Q: I have a customer with a nobile dendrobium that has asked me about roots growing from higher branches. It is a healthy plant and he wants to repot it so it continues to grow. Should I just leave this high roots alone, they are healthy, and just repot as I would a normal orchid?
A. Usually when roots start on the stems it means the roots below are not happy. My guess is they still have this plant in the deco pot (which doesn’t breathe as well as a terra cotta). Not much you can do other than repot and keep the roots below warm so they can recover. To get more flowers the plant has to grow new canes. Leave the old ones on.
Q. My Nobile Dendrobium has lost all its blooms after giving me much joy. The plant looks very healthy and has two new leafy shoots. I am wondering if I should transplant the Dendrobium to a larger pot than the 6 inch plastic pot it came in? I am also hoping the plant will bloom again.
A. Continue watering and fertilizing as directed.

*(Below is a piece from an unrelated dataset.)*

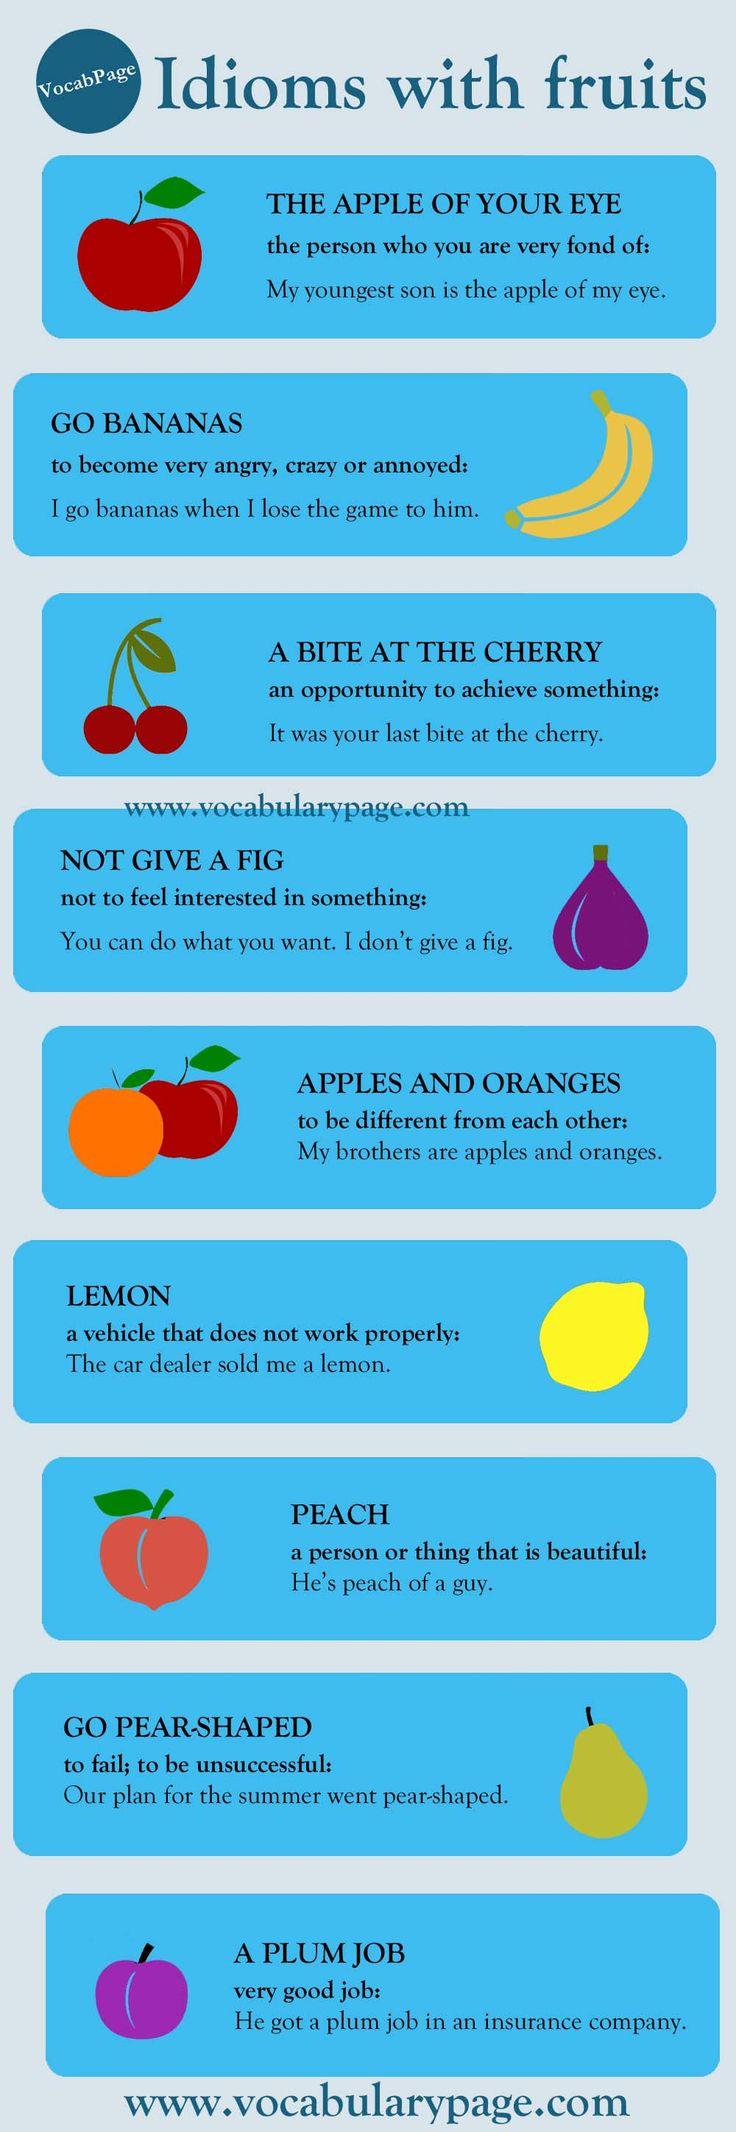 Idioms with fruits www.vocabularypage.com

Nobiles will typically bloom once per year, so you’ll need to be patient to have it rebloom. You can also repot, but you don’t necessarily have to go up in size unless it’s outgrown the pot. They do like to be a little “tight” in the pot.
Don’t cut the formerly blooming cane on the Nobile. It needs it to get stronger! You’ll want to continue to care, fertilize, etc because you want to grow another cane. Once that cane grows as big as you think it will get (it will probably be smaller than the previous one), and it has plenty of leaves, you’ll notice a knobby end starting at the top (called a mitten), it will look almost like the very top of a finger. Then you’ll want to go to cooling (dropping the temps down to 55-65°F at night). Once you see flowers, you can bring it back to normal room temp. The methods to rebloom Phalaenopsis are very similar methods to rebloom Nobiles.